Contextual prompts also fulfill another important role: instructing the algorithm to behave like a game theoretic agent. For this purpose, we explicitly state that the interaction is one-time only and that the algorithm’s ultimate objective is to maximize its benefits. These instructions are forwarded using the system role to reinforce the LLM’s identification with the assigned task. In contrast, the game structures and payoffs are shared through a regular message.
Findings
We observe considerable heterogeneity in how the algorithms we scrutinize respond to the same set of circumstances. While GPT-3.5 fails on all metrics, GPT-4 and LLaMa-2 display different types and degrees of sophistication. The former can tune out context when deciding without necessarily becoming hostile or adversarial in the process. In fact, GPT-4 is sometimes capable of deriving surprisingly prosocial conclusions from premises that would normally discourage cooperation, e.g., the una tantum nature of the interaction is interpreted as a lack of chances for reconciliation rather than as the absence of future repercussions. Conversely, the latter is more capable of discerning different game structures (GPT-4 only recognizes two games out of the four provided) while still integrating the social framing of the issue within its reasoning. This leads us to conclude that neither algorithm is fully tuned for game-theoretic rationality or alignment, advising caution to those who wish to use these AIs as aides to navigate strategic interaction.
Between the lines
Our results indicate that while advanced LLMs generally understand strategic situations and adjust behavior based on context, they aren’t without significant blind spots. Overall, LLaMa-2 is better poised to discern the strategic complexities of various strategic scenarios, effectively blending context into its decisions. Conversely, GPT-4 leans toward a broader, structure-focused strategy.

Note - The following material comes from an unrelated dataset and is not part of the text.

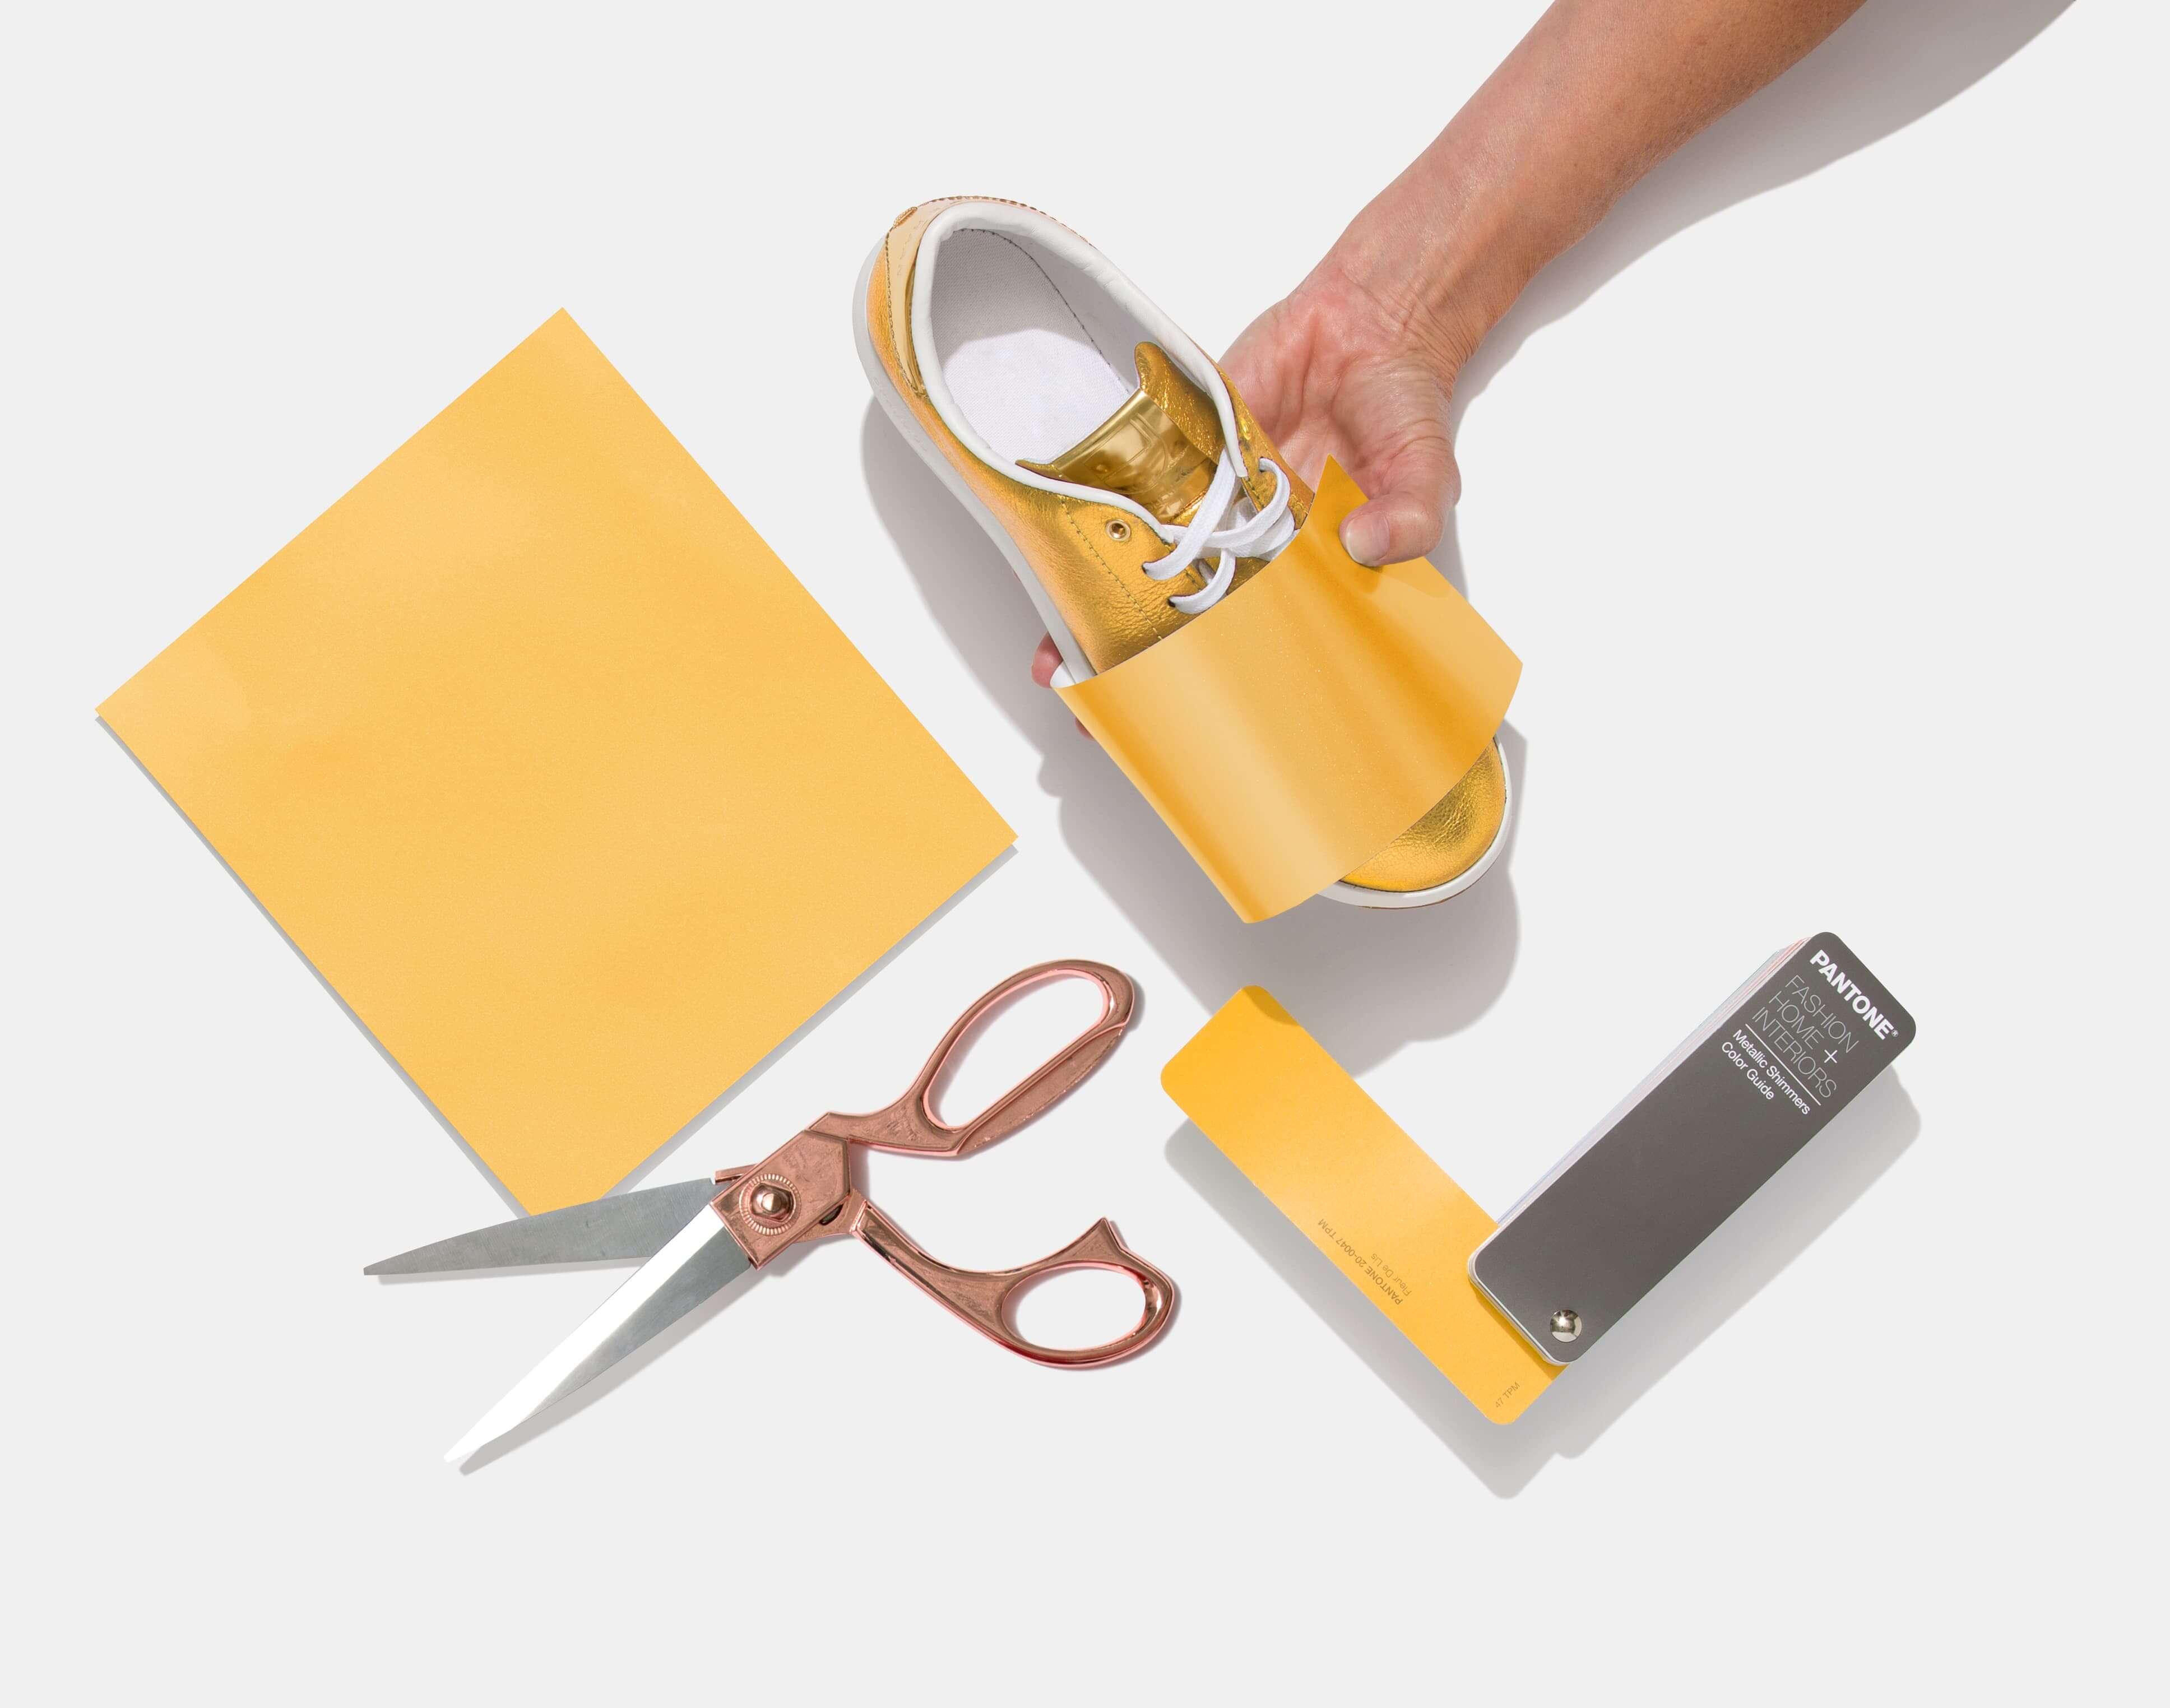 Pantone Metallic Shimmers Color Guide for footwear design

This paper represents an initial exploration into the strategic behavior of LLMs, concentrating on basic 2-player games and single interactions. As we look ahead, studying social dilemmas via repeated games and partner selection becomes imperative. Such mechanisms allow players to recognize and distance themselves from their selfish counterparts over extended durations. Moreover, the network structure of interactions (determining player pairings) becomes vital when considering social learning, where agents emulate successful strategies. The rise of pro-social norms under this lens, especially for LLMs, demands further research.
While Transformers (the technology upon which this technology is predicated) have become the golden standard for creative tasks, our work suggests that a deeper investigation is required into their emergent reasoning capabilities. Strategic thinking is a single facet of economic interaction, which in turn is a single facet of human interaction. Understanding the extent to which Transformers-based technologies can imitate, approximate, and surpass a real human will be instrumental for any pursuits of Artificial General Intelligence.